Wechat official account: “Python reading money” if you have any questions or suggestions, please leave a message
Seaborn is a Python visualization library based on Matplotlib. It provides an advanced interface to draw attractive statistical graphs. Seaborn is actually a more advanced API package based on Matplotlib, which makes it much easier to draw and refine your drawings without a lot of tweaking.
Note: All code is implemented in IPython Notebook
Lmplot (regression diagram)
Lmplot is used to draw regression graph, through which we can intuitively overview the internal relationship of data
An overview of the Stripplot API:
seaborn.lmplot(x, y, data, hue=None, col=None, row=None, palette=None, col_wrap=None, size=5, aspect=1, markers=’o’, sharex=True, sharey=True, hue_order=None, col_order=None, row_order=None, legend=True, legend_out=True, x_estimator=None, x_bins=None, x_ci=’ci’, scatter=True, fit_reg=True, ci=95, n_boot=1000, units=None, order=1, logistic=False, lowess=False, robust=False, logx=False, x_partial=None, y_partial=None, truncate=False, x_jitter=None, y_jitter=None, scatter_kws=None, line_kws=None)
It can be seen that lmplot has a lot of parameters. Next, we will select some commonly used ones and talk about them. Some parameters will involve some knowledge of statistics.
Old routine, the pilot into the corresponding package:
Import seaborn as SNS %matplotlib inline sns.set(font_scale=1.5,style="white")
Copy the code
The data set for this trial is Seaborn’s built-in Tips data set:
data=sns.load_dataset("tips")
data.head(5)
Copy the code
Let’s take a look at lmplot first
sns.lmplot(x="total_bill",y="tip",data=data)
Copy the code
It can be seen that LMPLOT conducts unary linear regression on the selected data set, fitting an optimal straight line.
Let’s move on to a demonstration of specific parameters.

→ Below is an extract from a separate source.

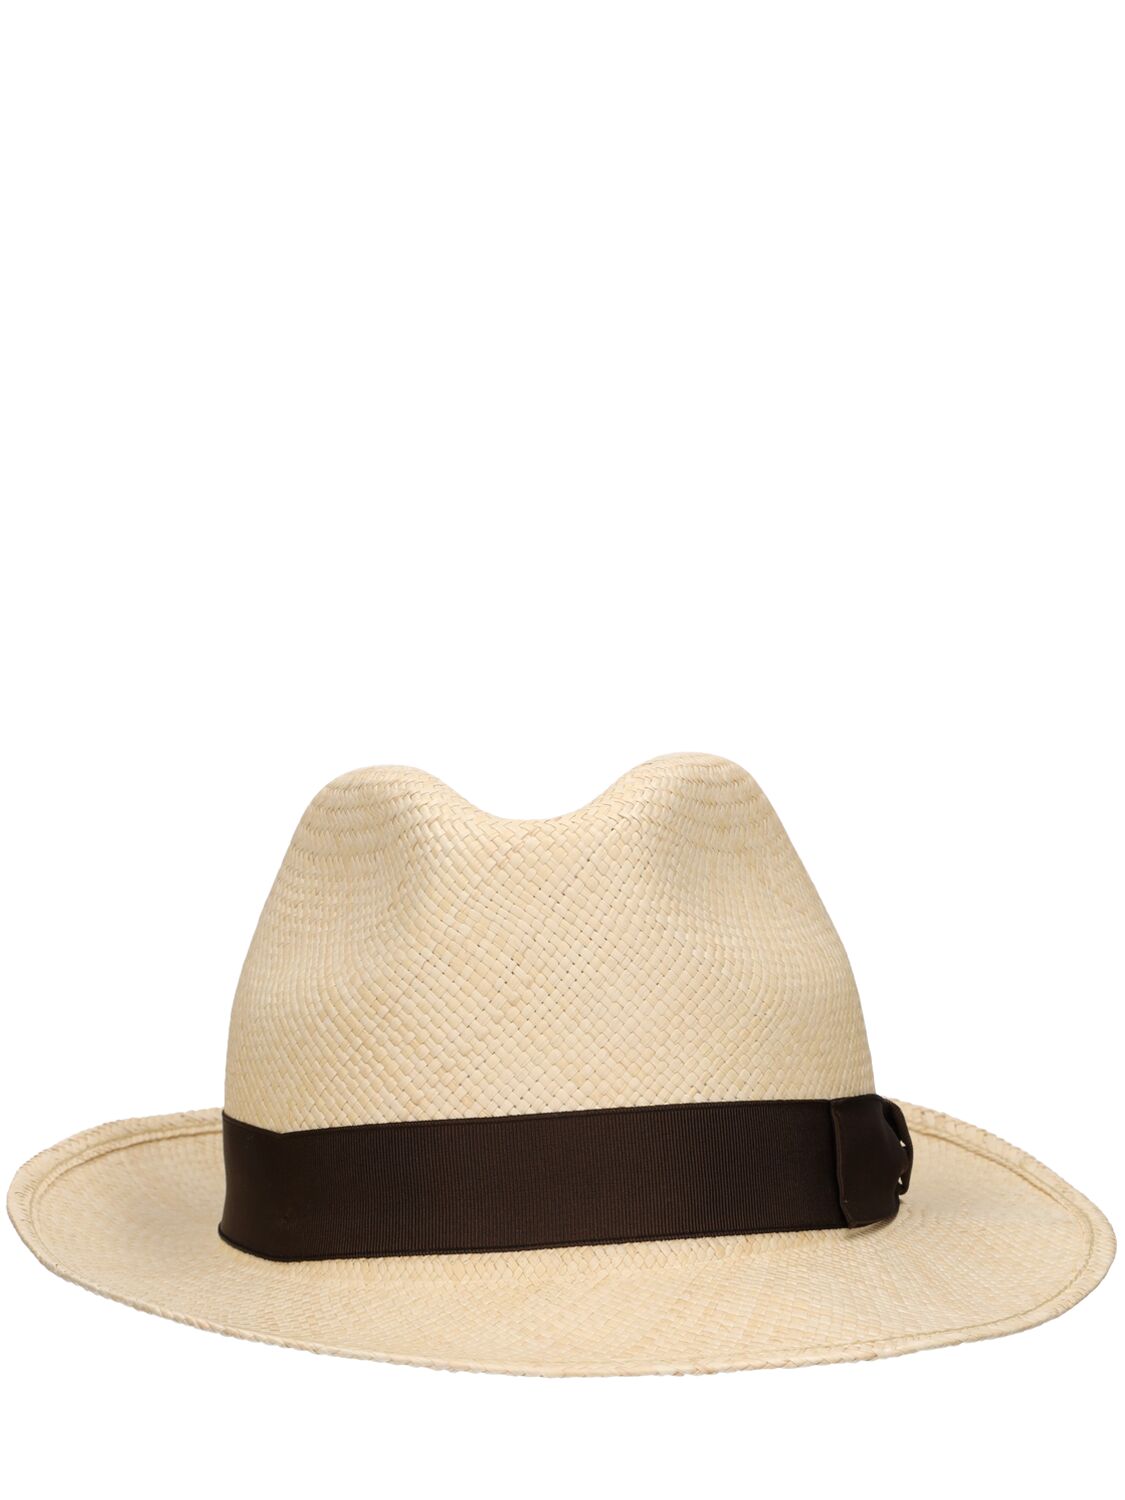 Borsalino Federico 6cm Brim Straw Panama Hat In Natural,khaki

Col: Categorizes columns according to specified attributes
Row: Categorizes rows based on specified attributes
sns.lmplot(x="total_bill",y="tip",data=data,row="sex",col="smoker")
Copy the code
In combination with our data set, we can see how these two parameters are used by looking at the horizontal and vertical coordinates above
Col_wrap: Specifies the number of columns per row, at most equal to the number of different categories for the COL argument
sns.lmplot(x="total_bill",y="tip",data=data,col="day",col_wrap=4)
Copy the code
sns.lmplot(x="total_bill",y="tip",data=data,col="day",col_wrap=2)
Copy the code
Aspect: Controls the aspect ratio of the diagram
sns.lmplot(x="total_bill",y="tip",data=data,aspect=1)
The ratio of length to width is equal to one to one, i.e. square
Copy the code
sns.lmplot(x="total_bill",y="tip", data = data, aspect = 1.5)# Length over width is equal to 1:1.5, as you can see the horizontal axis is a bit longer
Copy the code
Sharex: X scale (default True)
Sharey: sharey scale (default True)
sns.lmplot(x="total_bill",y="tip",data=data,row="sex",col="smoker",sharex=False)
# You can see that when set to False, the 5# scale of the x axis is different for each subgraph
Copy the code
Hue: Used for classification
sns.lmplot(x="total_bill",y="tip",data=data,hue="sex",palette="husl")
Copy the code
Ci: Confidence intervals for controlling regression (those of you who have studied statistics know this)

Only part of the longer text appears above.